Recorded information:
......
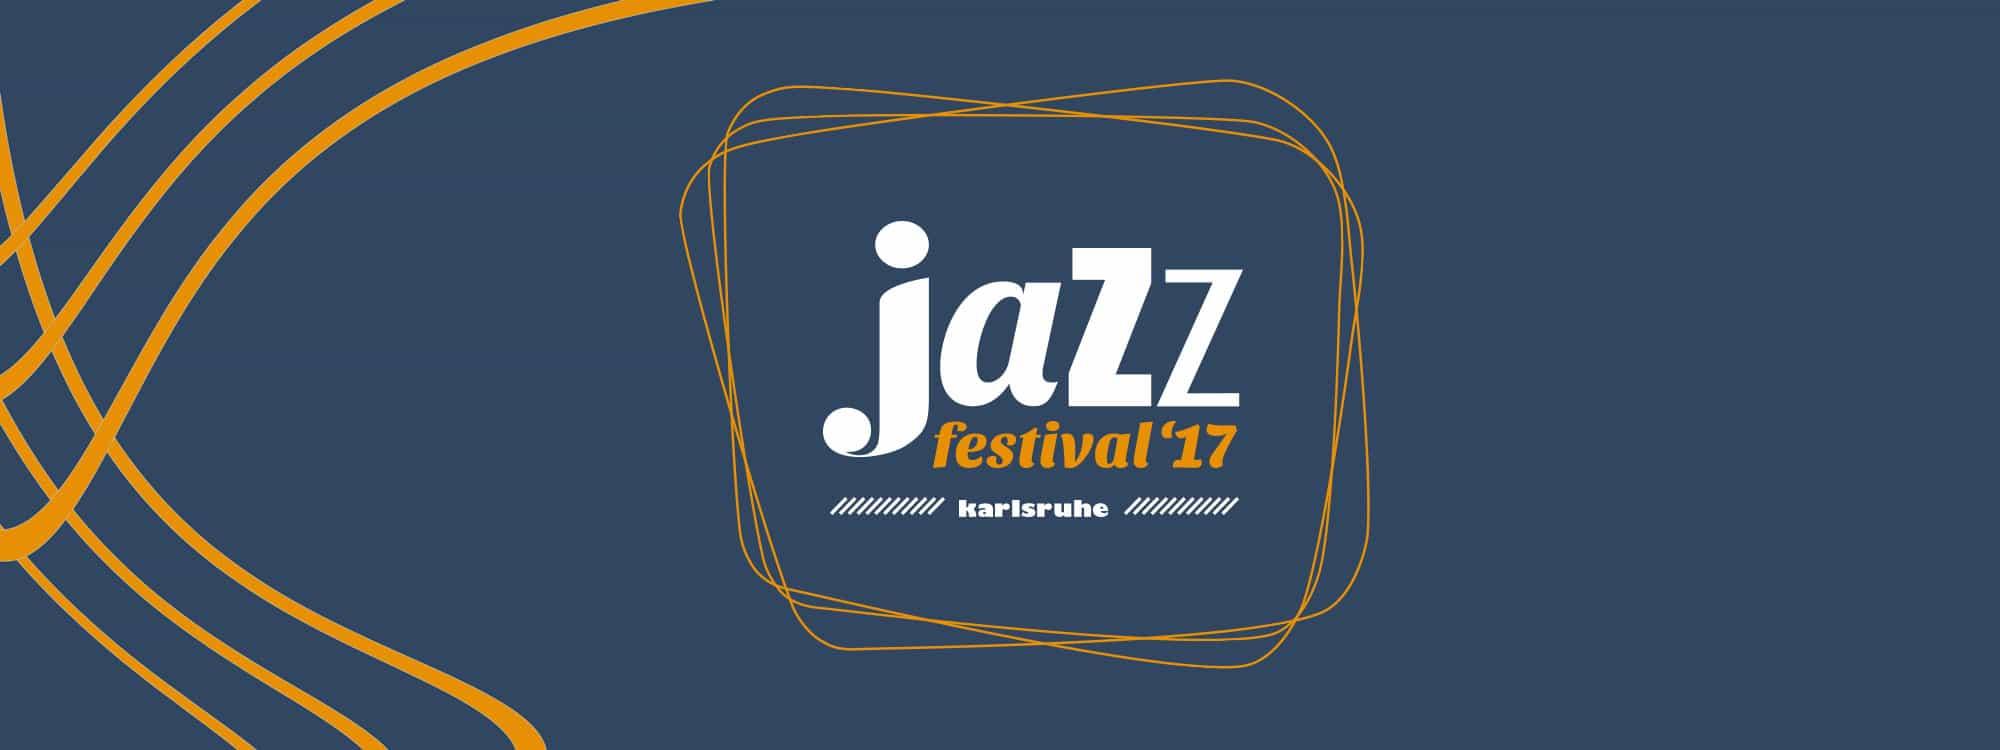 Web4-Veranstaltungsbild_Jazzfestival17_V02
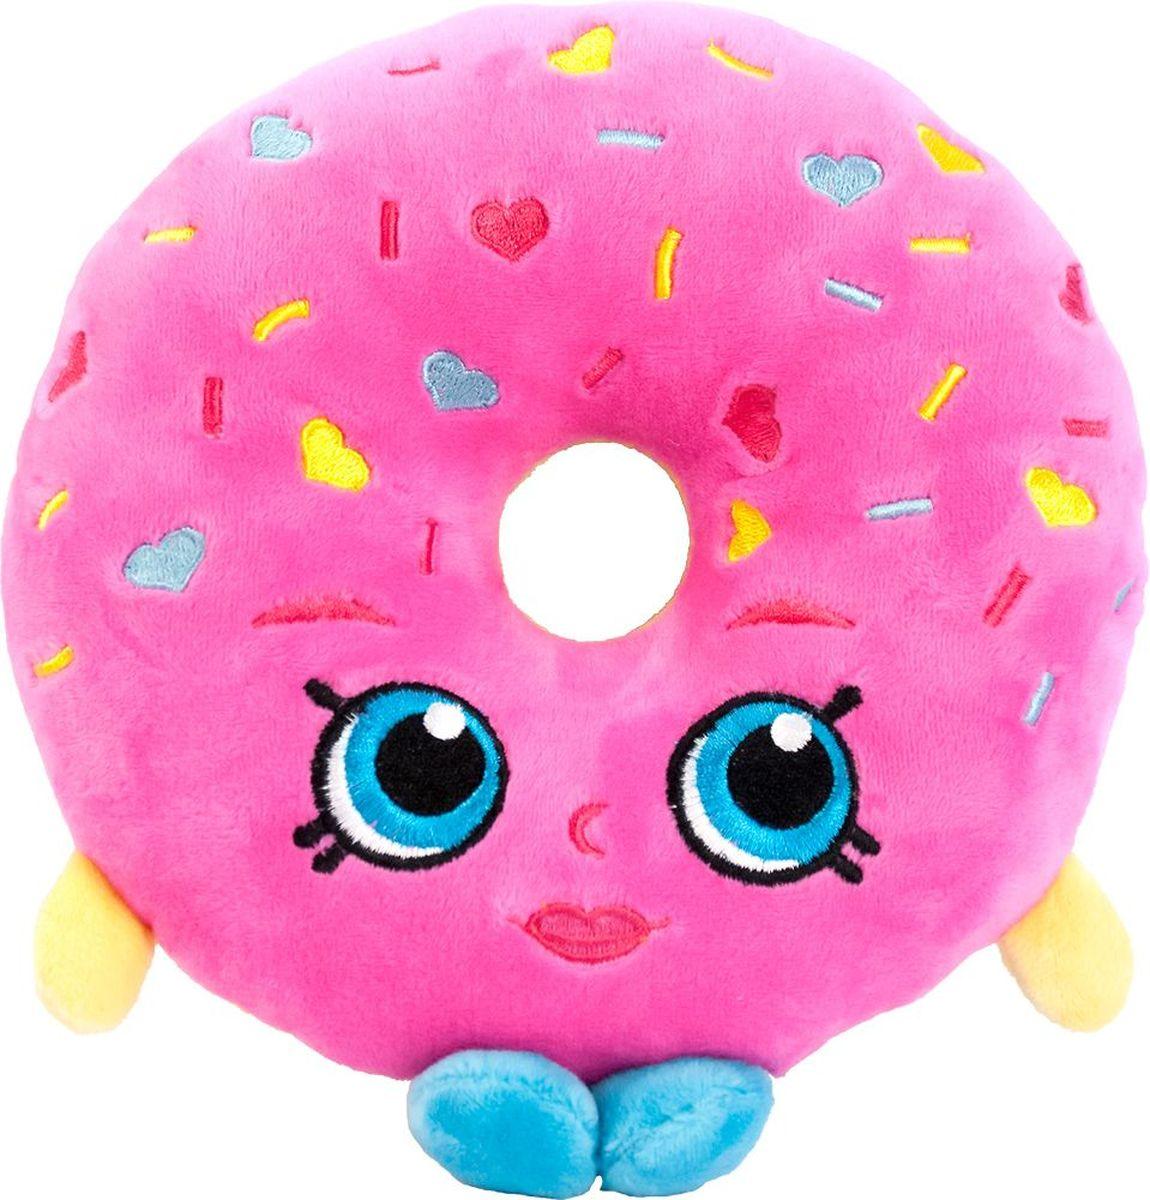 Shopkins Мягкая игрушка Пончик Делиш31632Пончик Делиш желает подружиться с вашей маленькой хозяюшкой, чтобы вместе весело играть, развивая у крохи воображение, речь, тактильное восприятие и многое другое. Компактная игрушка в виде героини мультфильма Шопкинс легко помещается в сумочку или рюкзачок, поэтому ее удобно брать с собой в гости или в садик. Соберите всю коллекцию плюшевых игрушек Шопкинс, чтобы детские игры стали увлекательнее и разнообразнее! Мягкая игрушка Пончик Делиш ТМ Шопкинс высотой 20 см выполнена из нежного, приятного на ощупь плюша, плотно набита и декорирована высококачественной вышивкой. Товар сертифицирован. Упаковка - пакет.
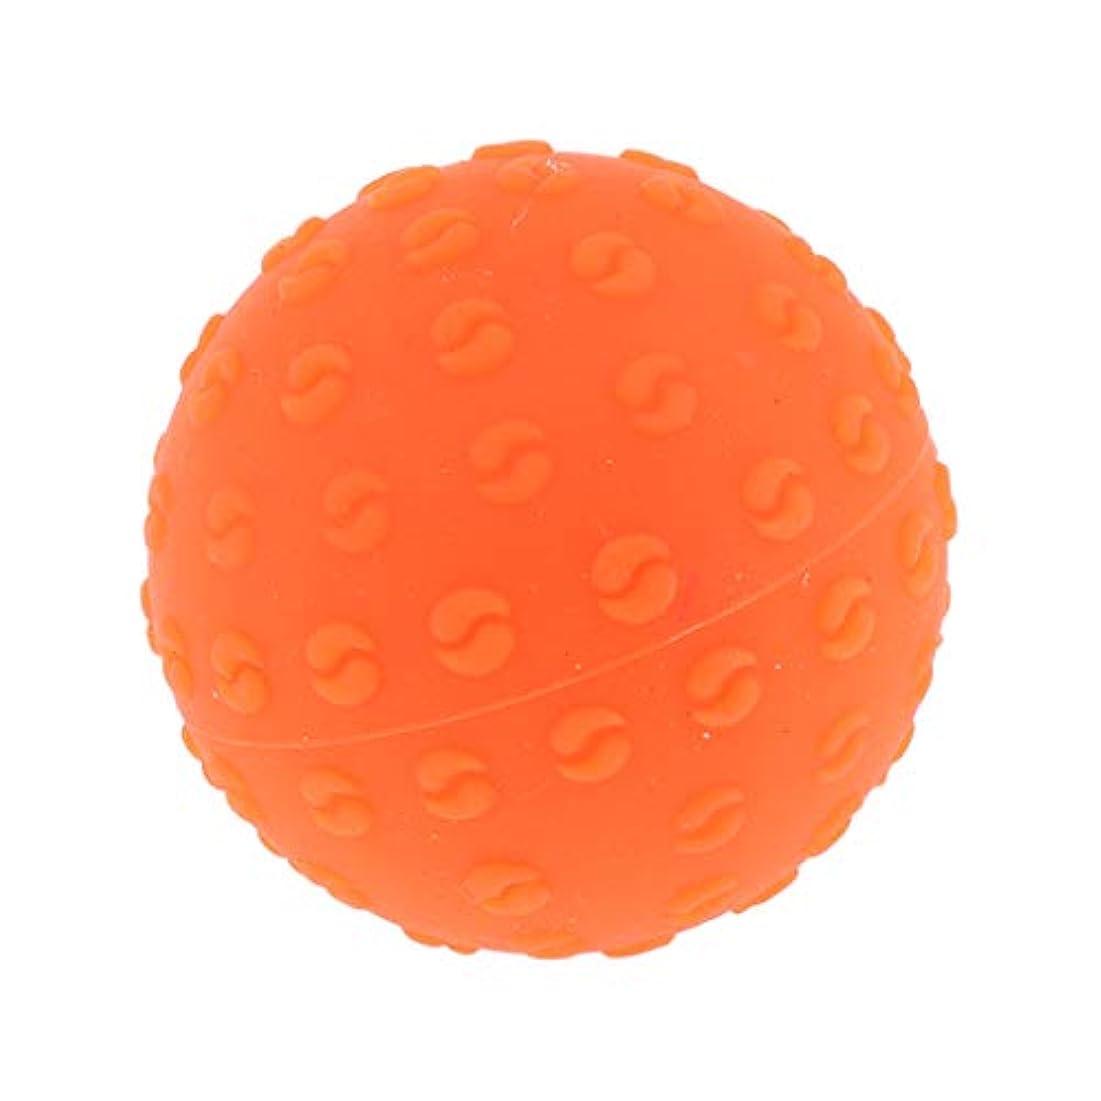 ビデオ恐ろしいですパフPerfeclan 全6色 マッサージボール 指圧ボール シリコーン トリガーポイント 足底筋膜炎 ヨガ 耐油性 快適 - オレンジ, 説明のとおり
......
Exercise brief:
Please set down the whole listing above exactly and skip every picture.

Solution for this problem:
 Web4-Veranstaltungsbild_Jazzfestival17_V02
 Shopkins Мягкая игрушка Пончик Делиш31632Пончик Делиш желает подружиться с вашей маленькой хозяюшкой, чтобы вместе весело играть, развивая у крохи воображение, речь, тактильное восприятие и многое другое. Компактная игрушка в виде героини мультфильма Шопкинс легко помещается в сумочку или рюкзачок, поэтому ее удобно брать с собой в гости или в садик. Соберите всю коллекцию плюшевых игрушек Шопкинс, чтобы детские игры стали увлекательнее и разнообразнее! Мягкая игрушка Пончик Делиш ТМ Шопкинс высотой 20 см выполнена из нежного, приятного на ощупь плюша, плотно набита и декорирована высококачественной вышивкой. Товар сертифицирован. Упаковка - пакет.
 ビデオ恐ろしいですパフPerfeclan 全6色 マッサージボール 指圧ボール シリコーン トリガーポイント 足底筋膜炎 ヨガ 耐油性 快適 - オレンジ, 説明のとおり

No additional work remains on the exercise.